DATASET EXCERPT |
------------------------------------
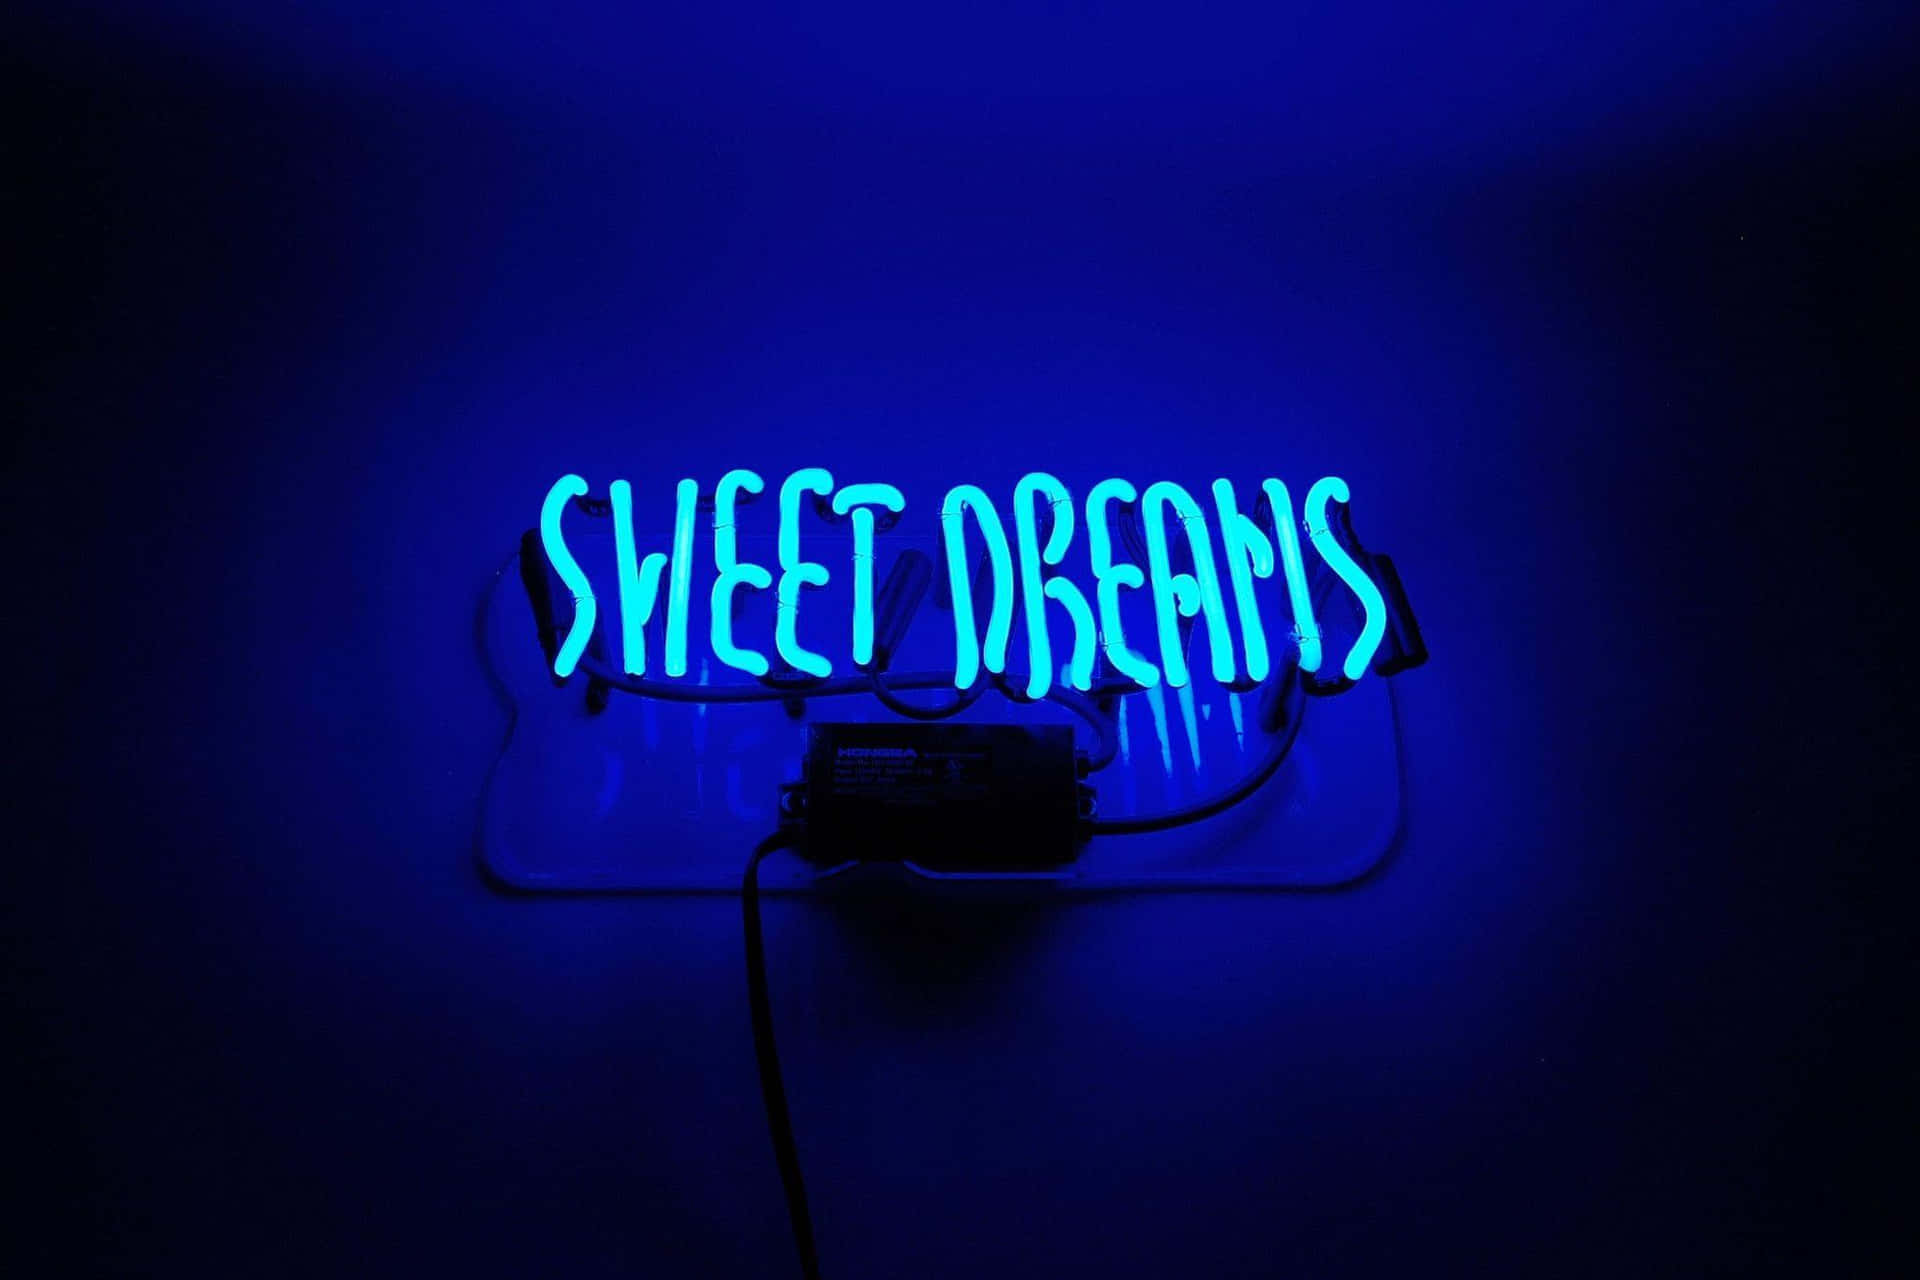 Süßeträume Neonlichter Tumblr Laptop Wallpaper
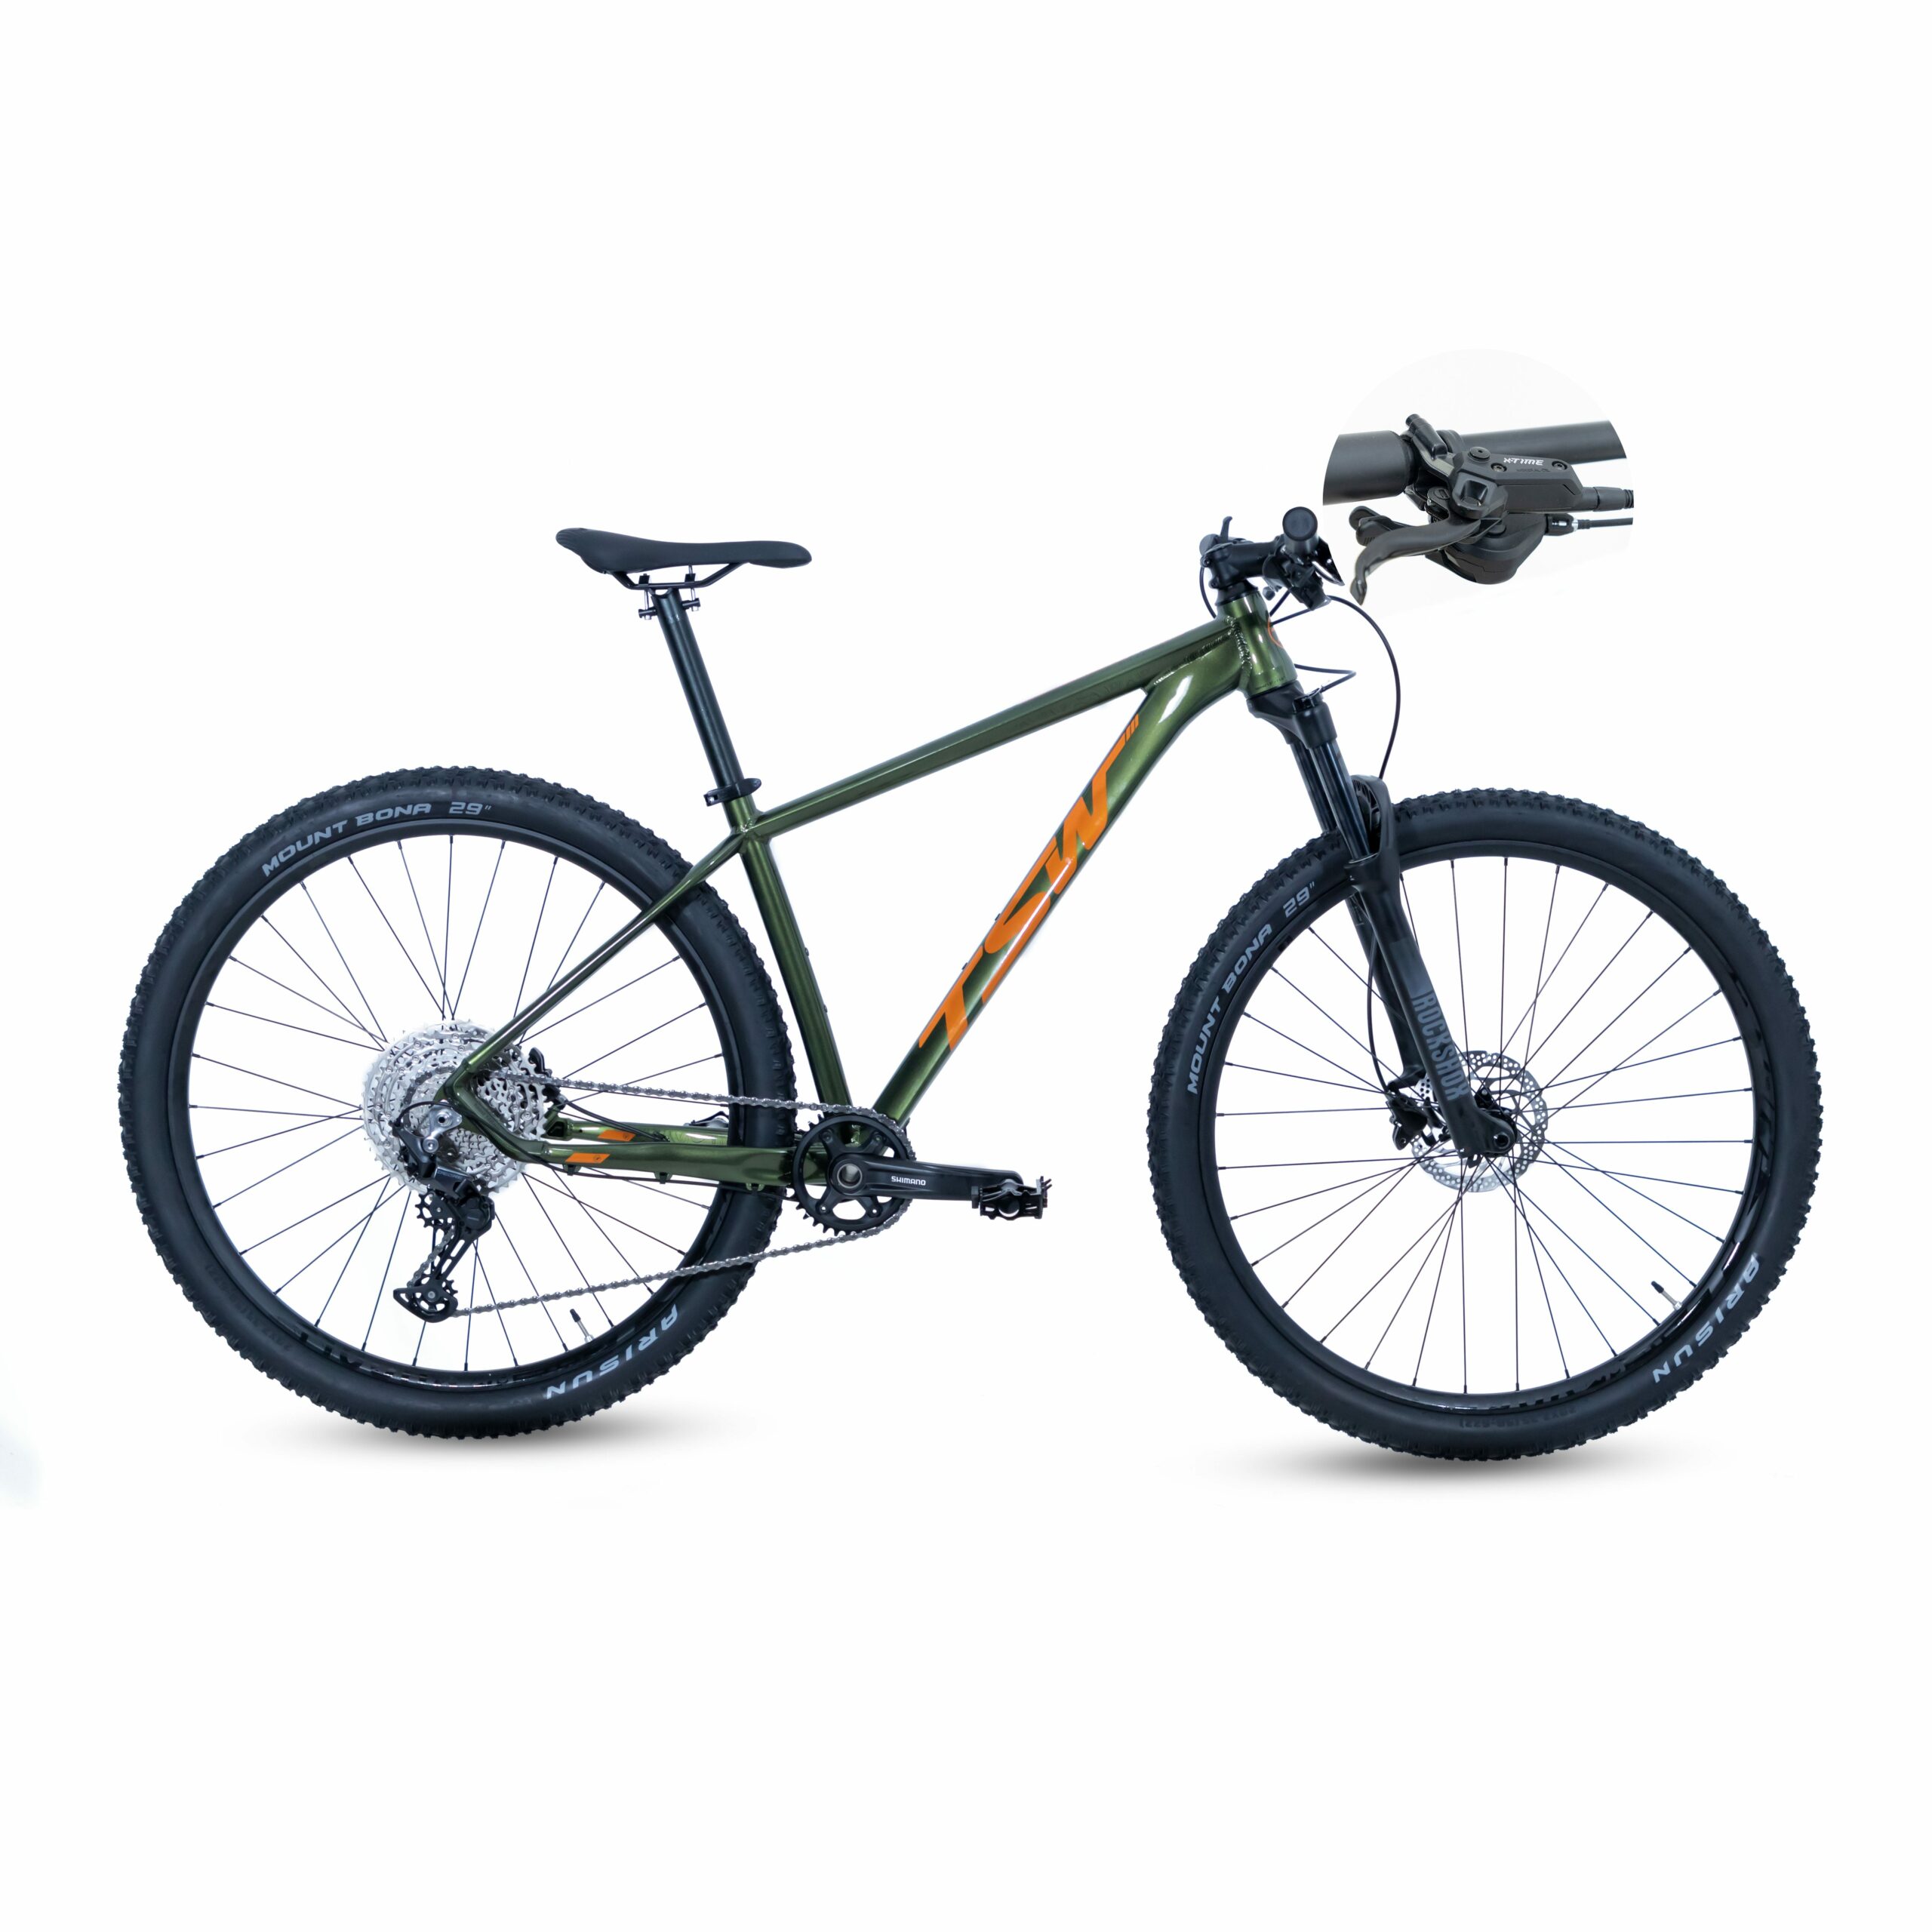 Bicicleta TSW Yukon - Freio X-Time | SH-12 | 2021/2022 - 19", Verde/Laranja
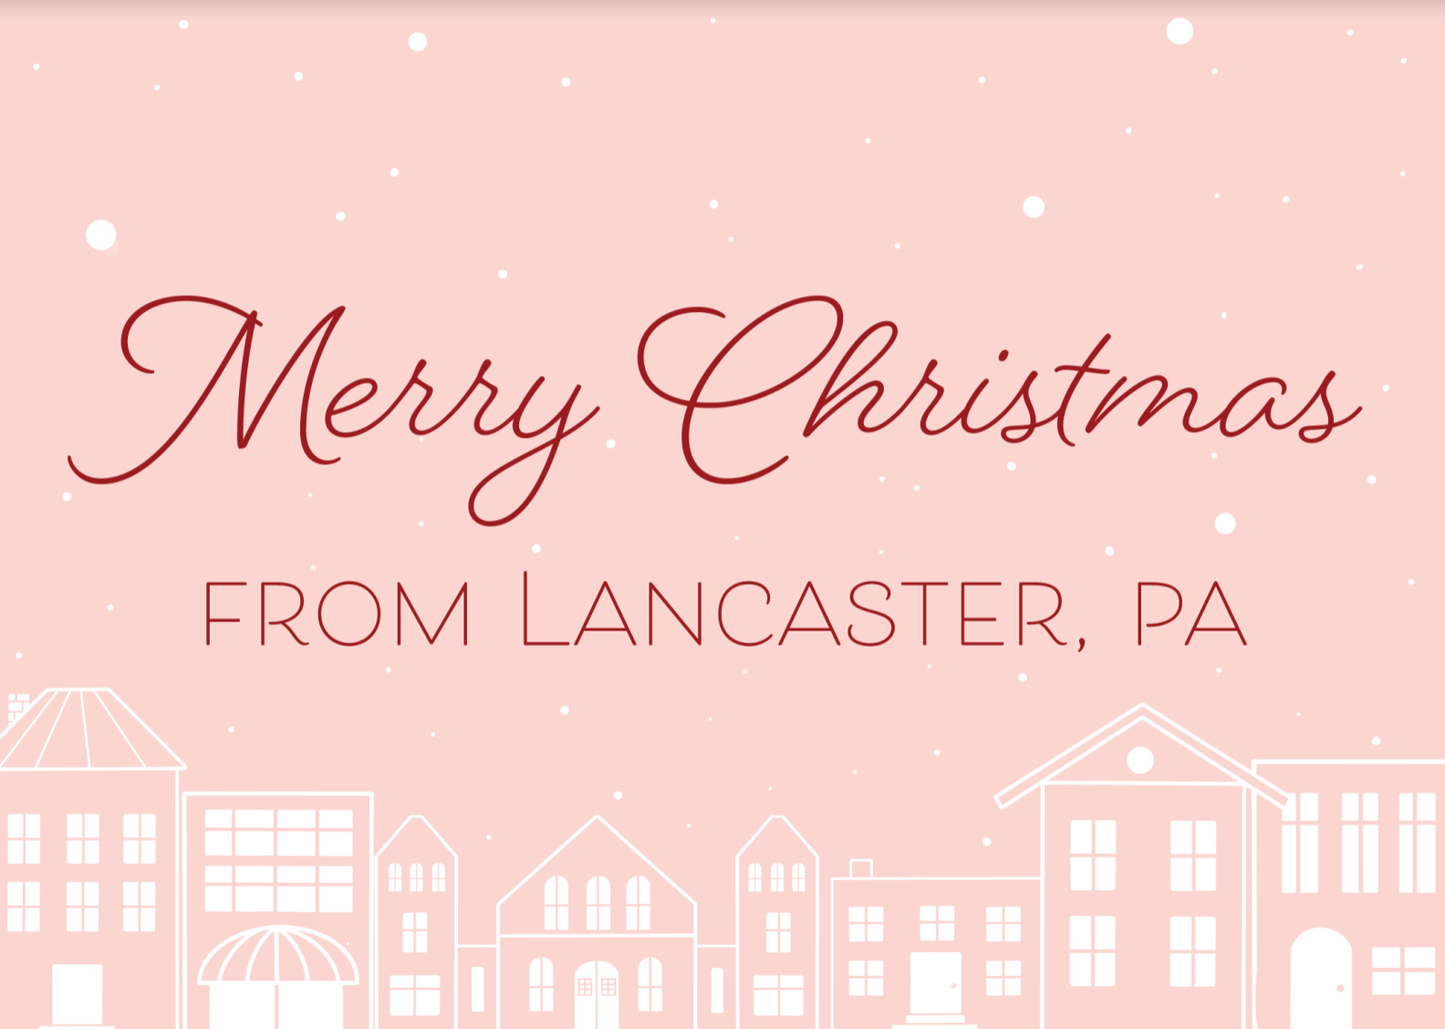 Lancaster Christmas Card - CHYATEE
------------------------------------
TASK OBJECTIVE |
Copy out all the data above exactly as written. Skip the pictures.

RESPONSE TO THE TASK |
 Süßeträume Neonlichter Tumblr Laptop Wallpaper
 Bicicleta TSW Yukon - Freio X-Time | SH-12 | 2021/2022 - 19", Verde/Laranja
 Lancaster Christmas Card - CHYATEE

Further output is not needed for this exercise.